----- DATA PROVIDED -----

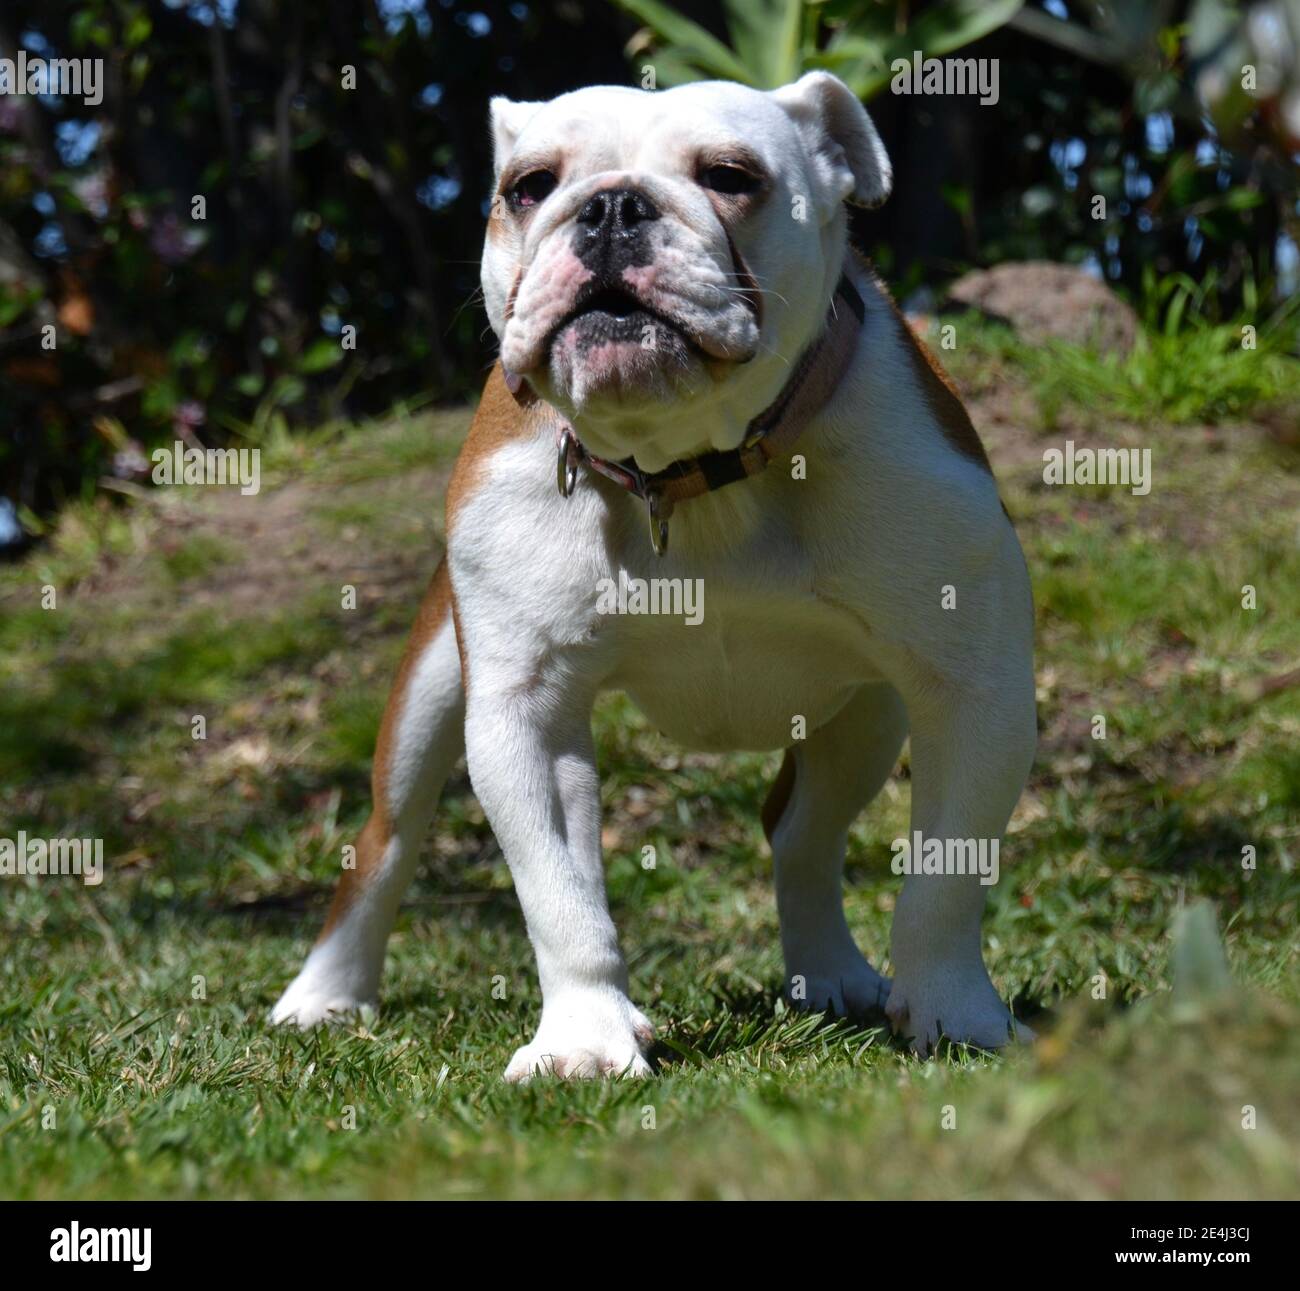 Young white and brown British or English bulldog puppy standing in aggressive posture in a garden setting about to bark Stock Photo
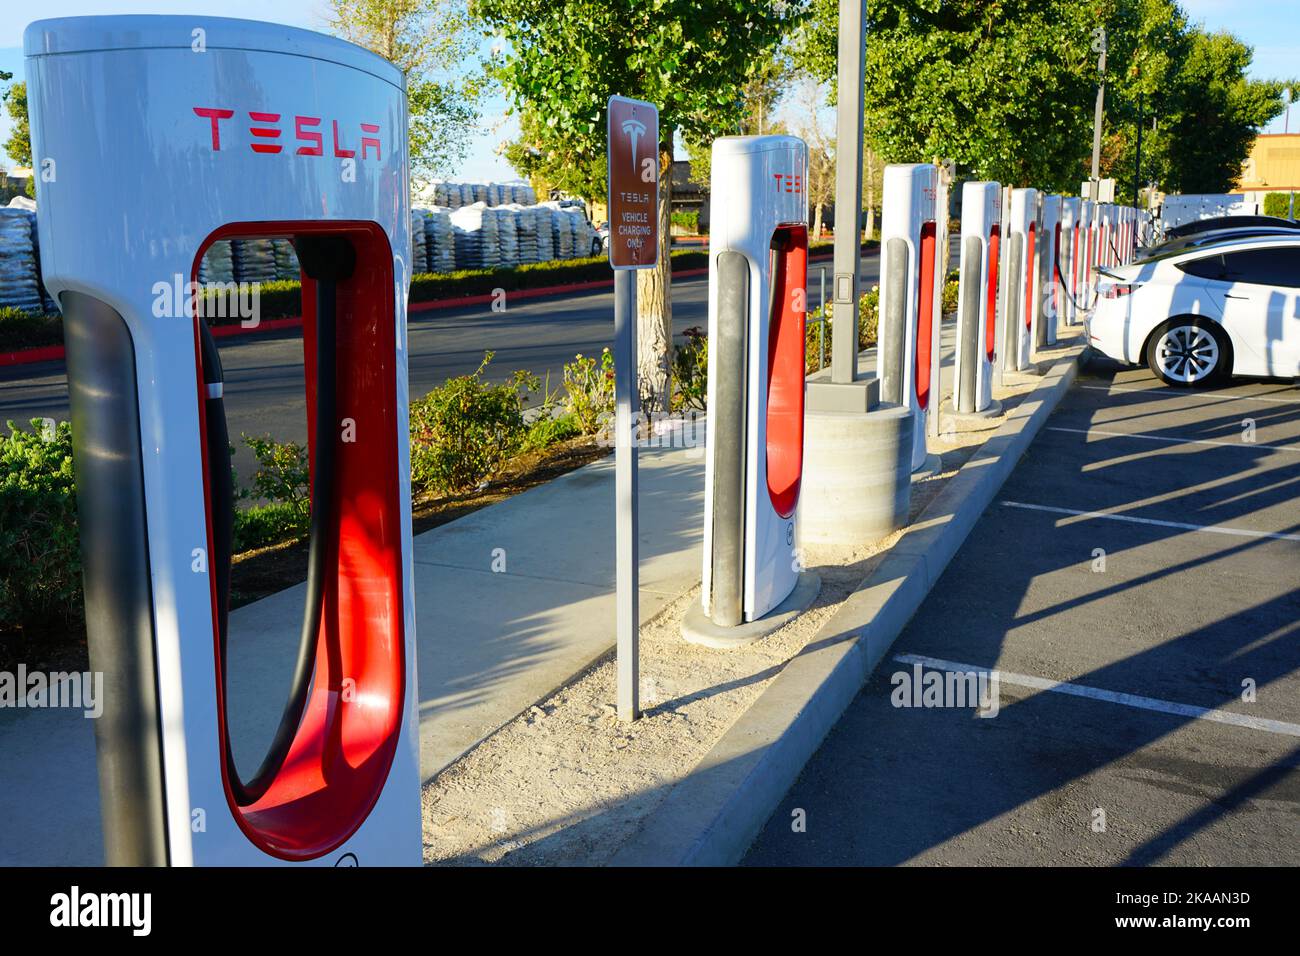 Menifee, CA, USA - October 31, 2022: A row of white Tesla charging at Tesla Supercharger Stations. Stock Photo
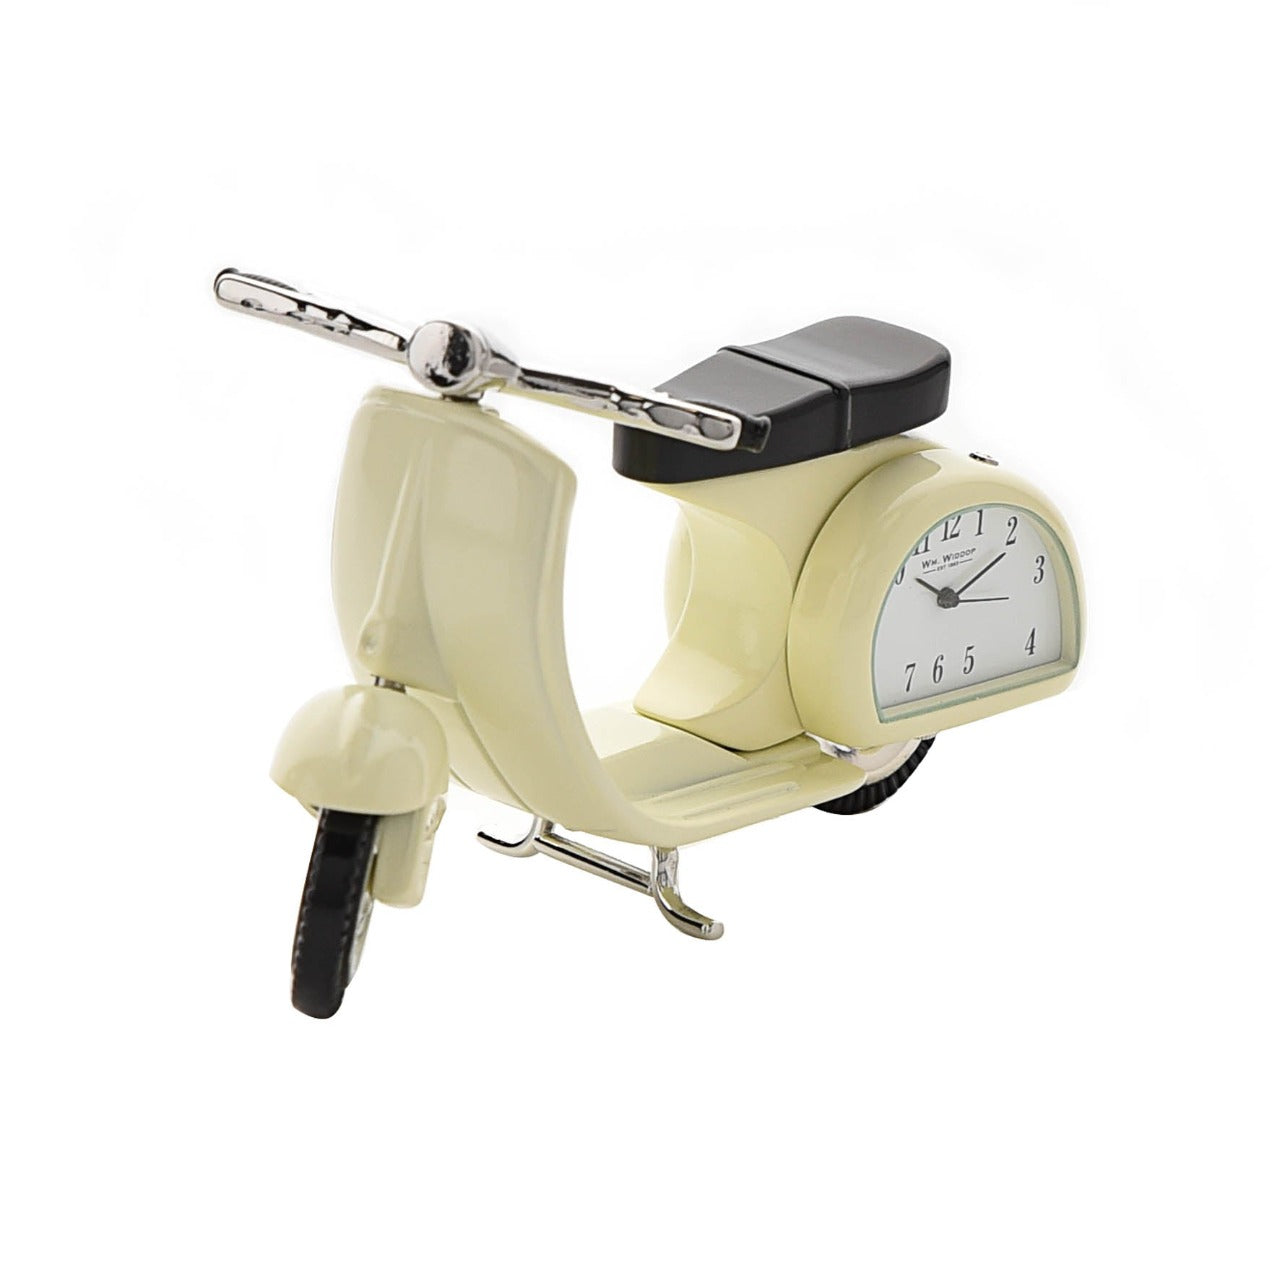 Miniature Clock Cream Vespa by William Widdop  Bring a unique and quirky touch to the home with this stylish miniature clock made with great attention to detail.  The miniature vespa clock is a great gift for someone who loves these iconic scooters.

-----

- [REQUIREMENT]
Retype the whole listing word for word. Skip the pictures.

- [THE ANSWER]
 Young white and brown British or English bulldog puppy standing in aggressive posture in a garden setting about to bark Stock Photo
 Menifee, CA, USA - October 31, 2022: A row of white Tesla charging at Tesla Supercharger Stations. Stock Photo
 Miniature Clock Cream Vespa by William Widdop  Bring a unique and quirky touch to the home with this stylish miniature clock made with great attention to detail.  The miniature vespa clock is a great gift for someone who loves these iconic scooters.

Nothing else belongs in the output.